Input for this task:
-----

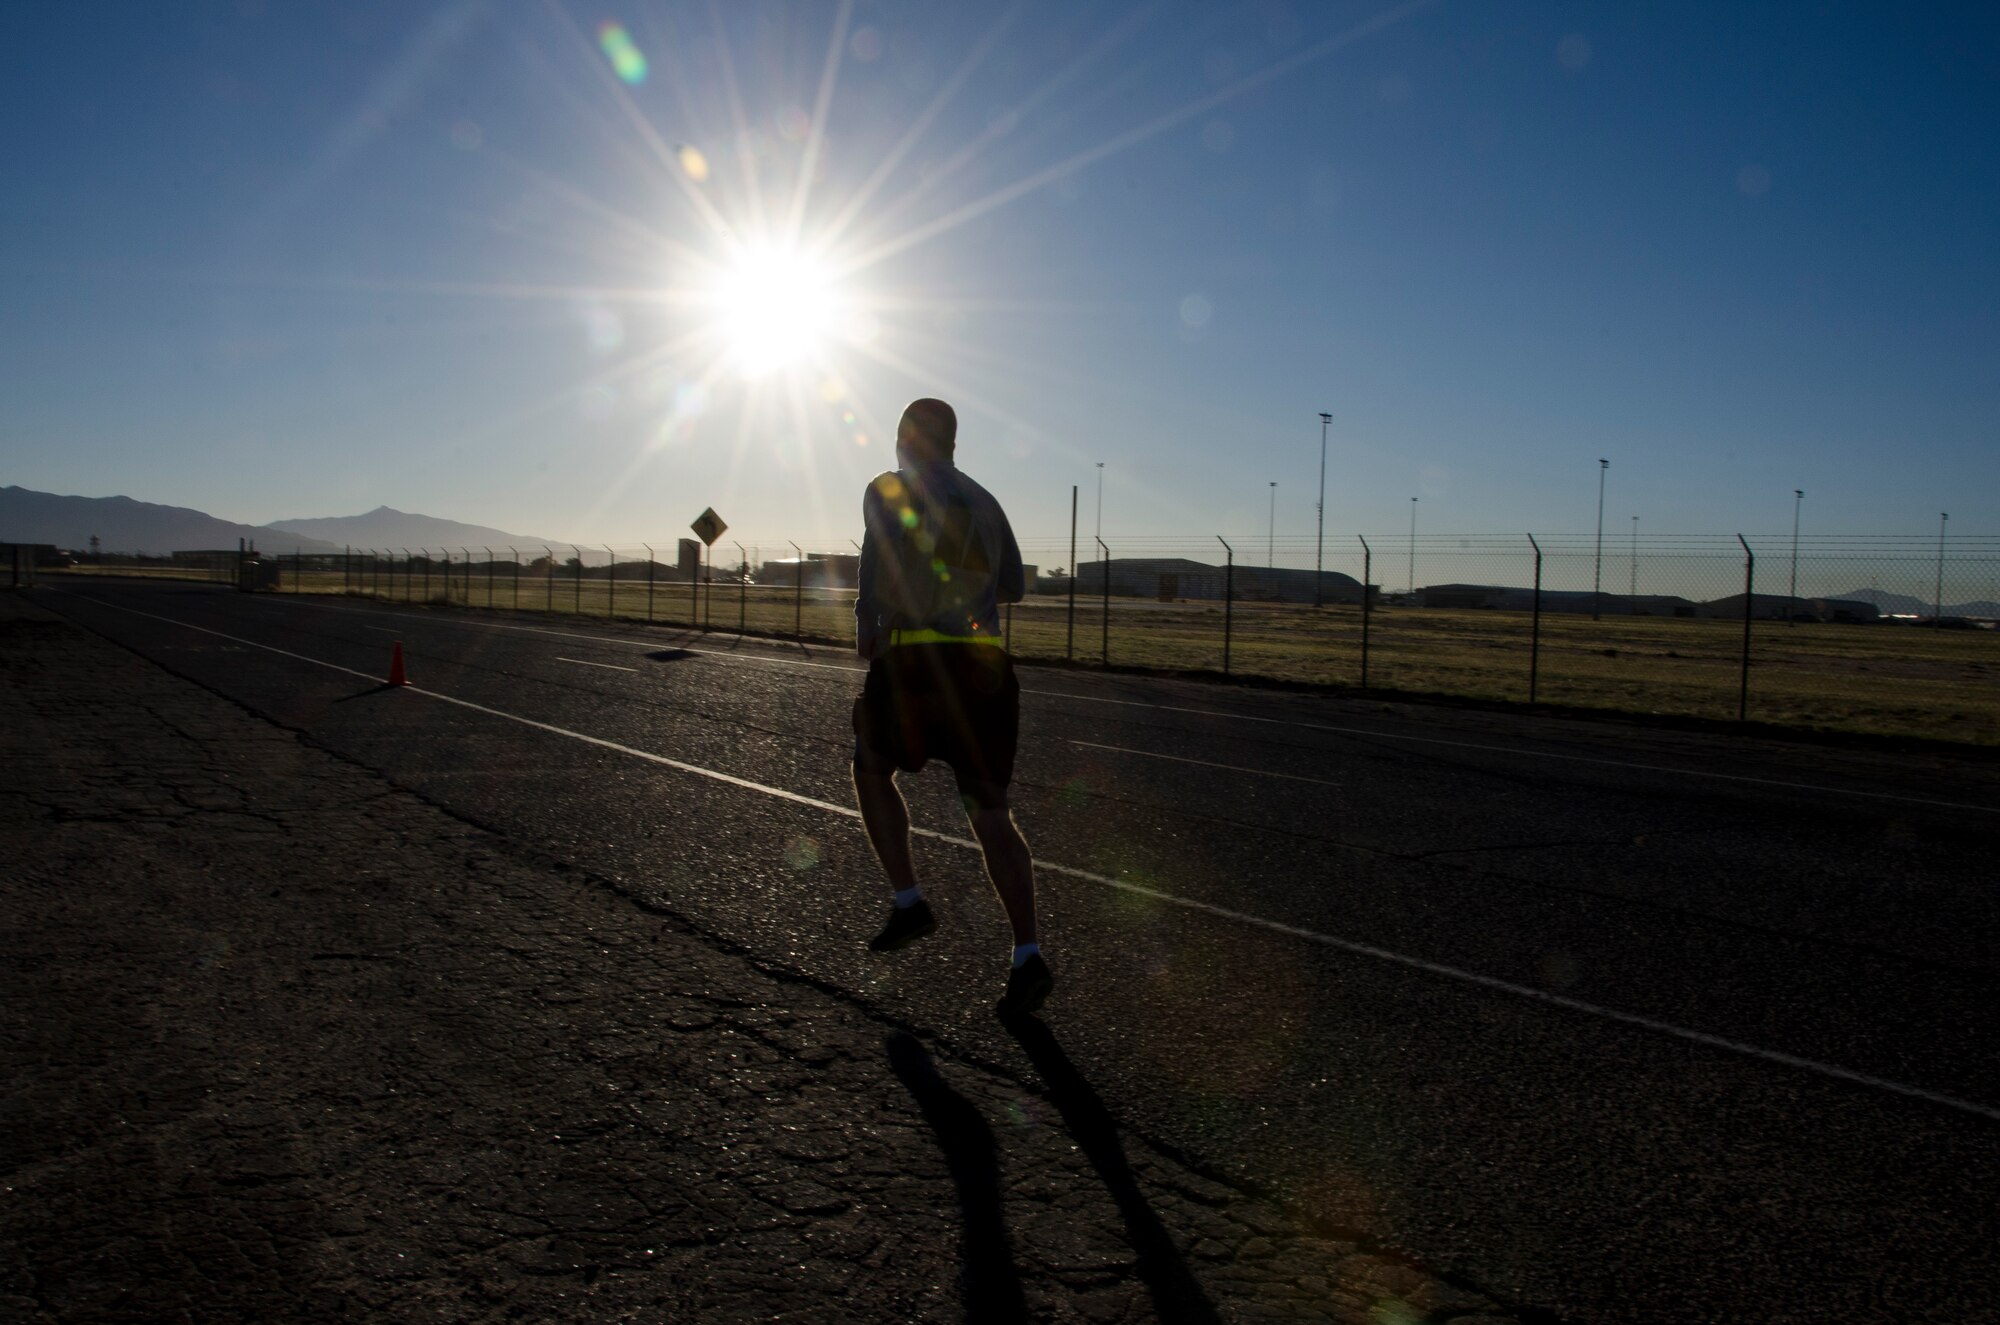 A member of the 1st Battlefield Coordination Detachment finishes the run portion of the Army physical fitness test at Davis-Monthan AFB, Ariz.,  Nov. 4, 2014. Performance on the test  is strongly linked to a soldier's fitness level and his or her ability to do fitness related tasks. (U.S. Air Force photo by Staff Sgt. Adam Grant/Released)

-----

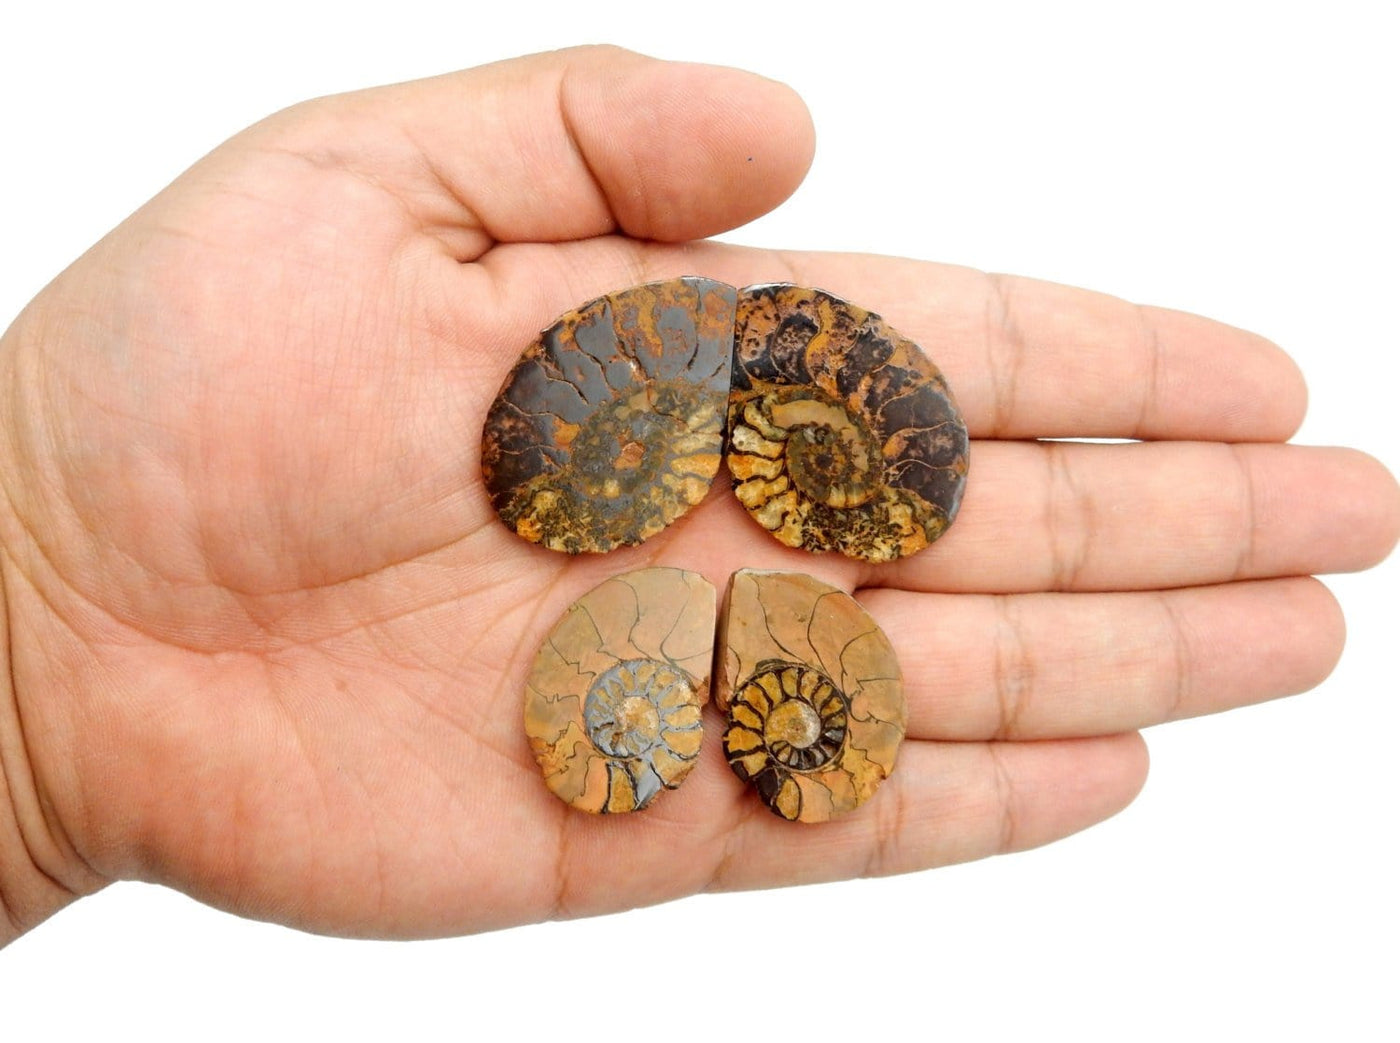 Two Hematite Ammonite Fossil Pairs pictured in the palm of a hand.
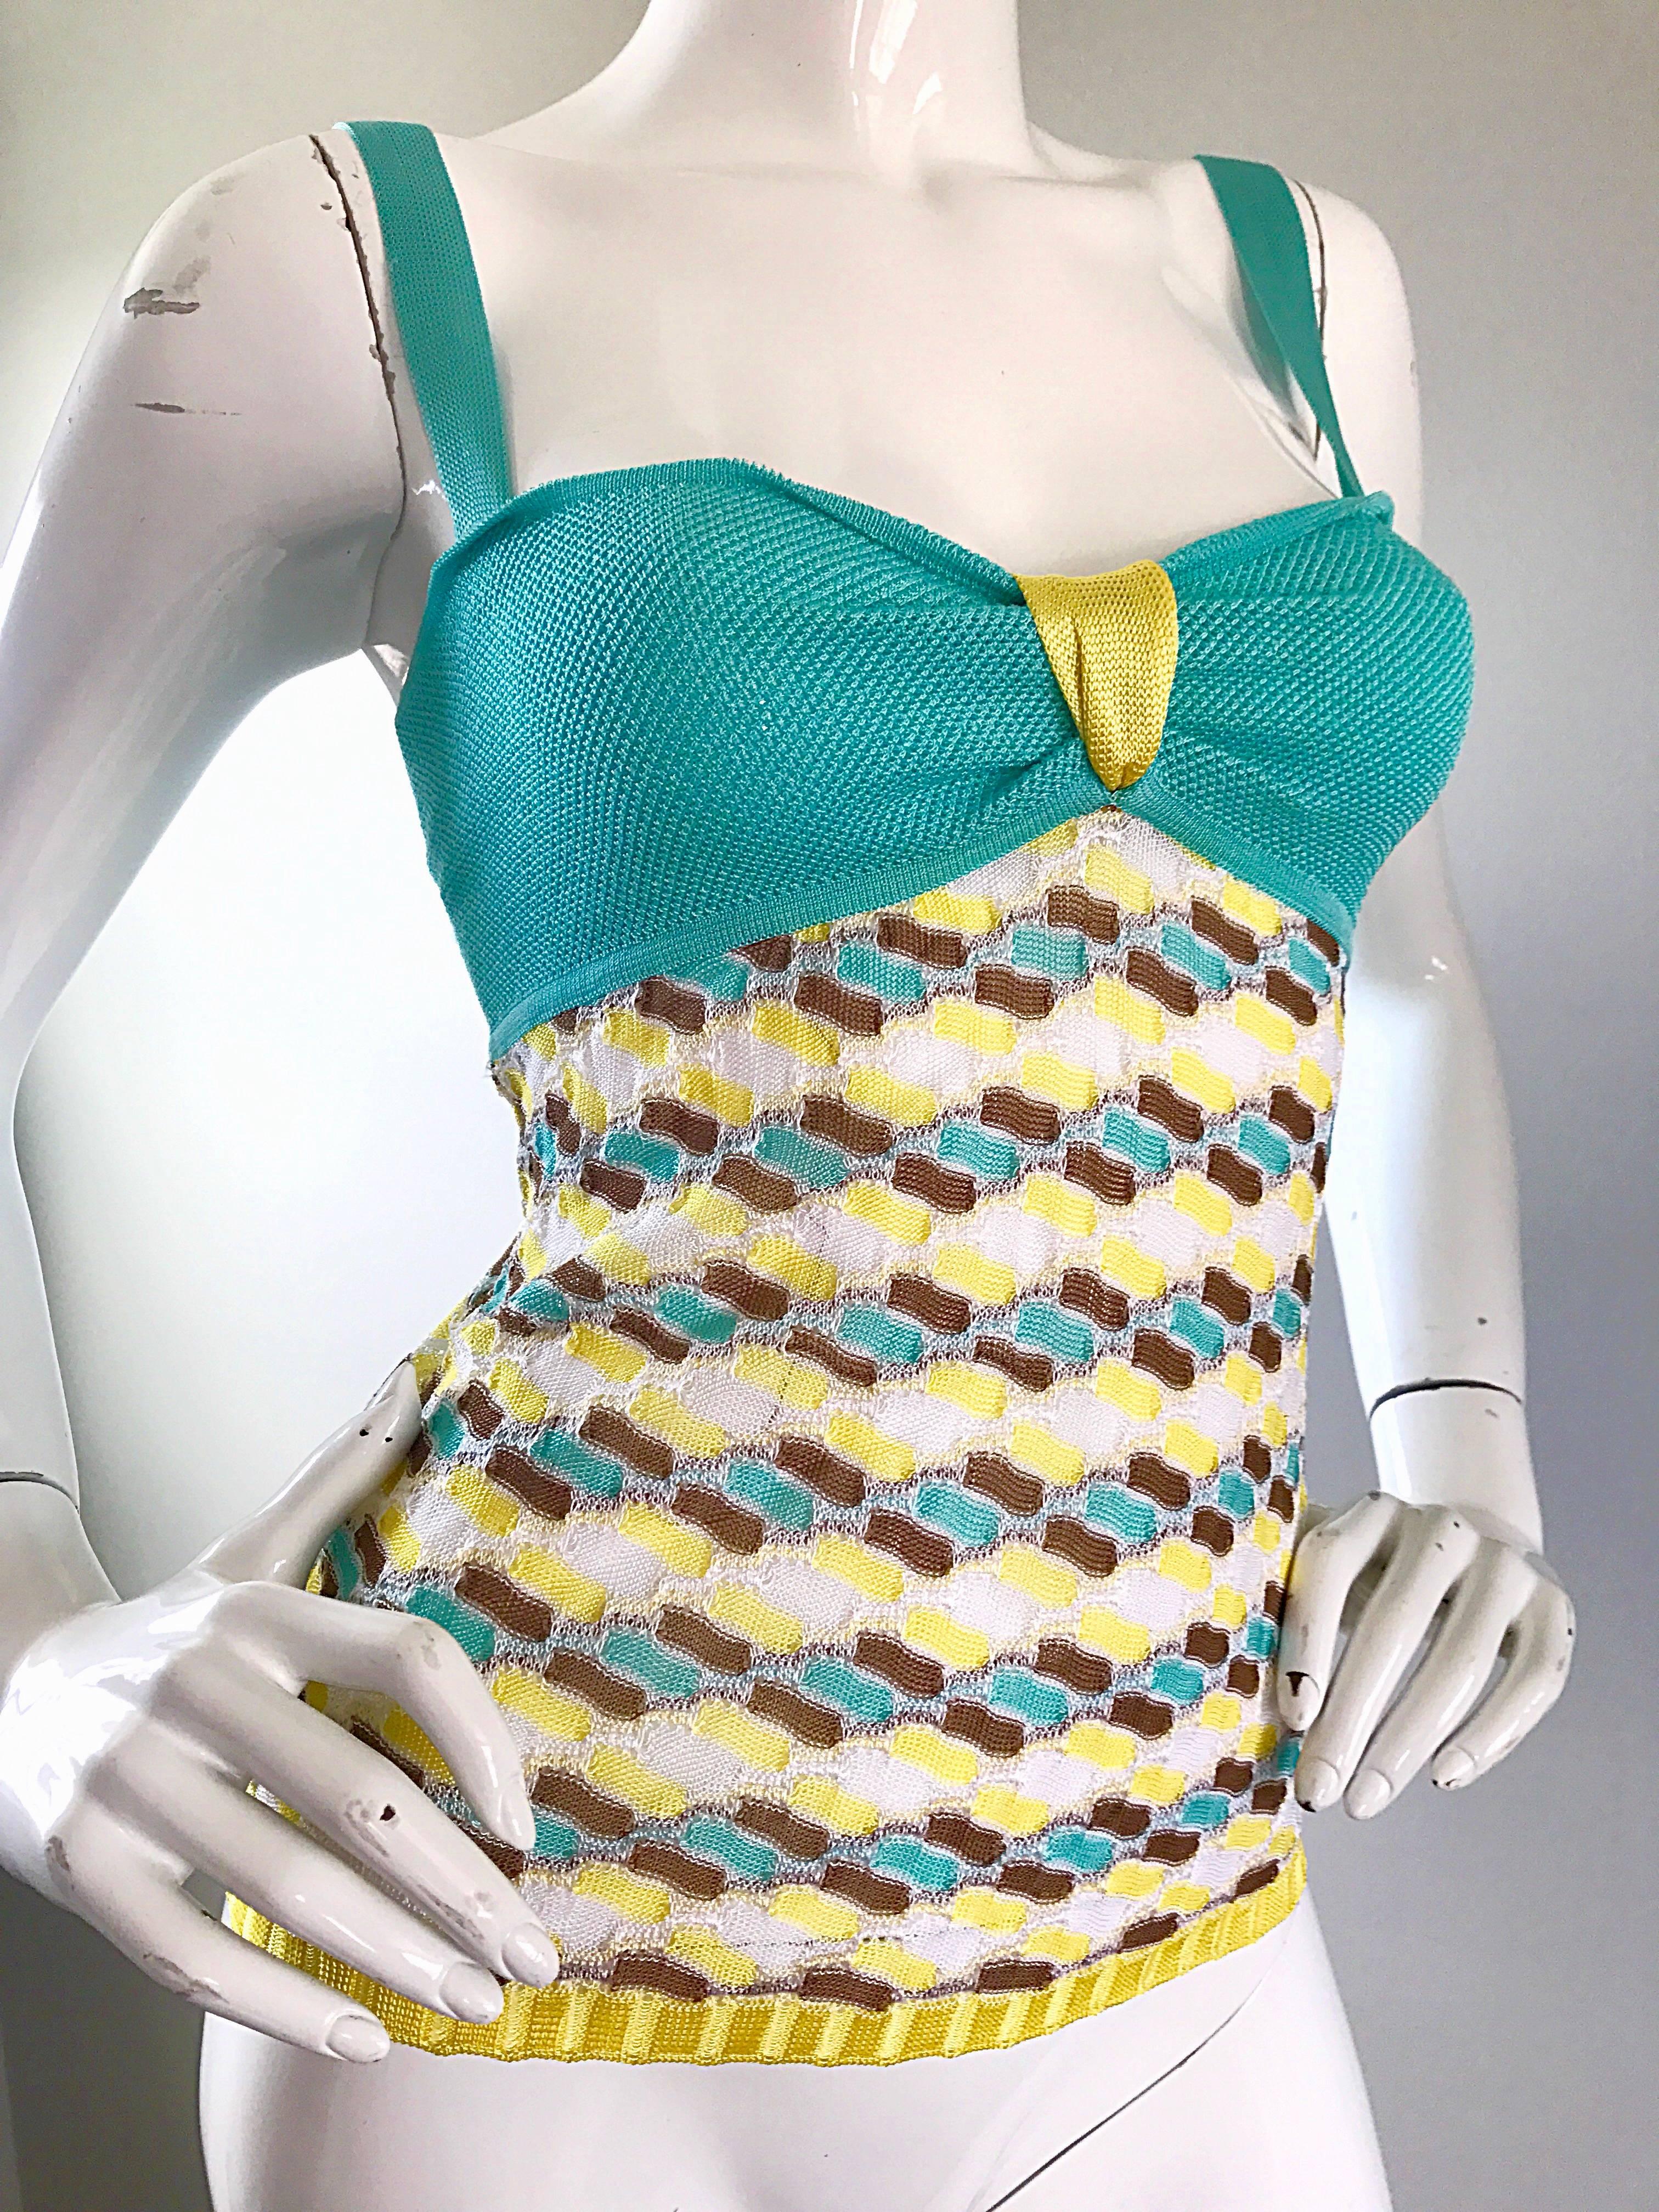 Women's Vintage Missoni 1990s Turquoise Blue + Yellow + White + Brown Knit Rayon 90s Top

-----

Action item: Within these entries, output exactly the lines starting at the one with "Two Hematite Ammonite" and finishing at the one with "Women's Vintage Missoni". Leave pictures out of the output.

Output for this task:
 Two Hematite Ammonite Fossil Pairs pictured in the palm of a hand.
 Women's Vintage Missoni 1990s Turquoise Blue + Yellow + White + Brown Knit Rayon 90s Top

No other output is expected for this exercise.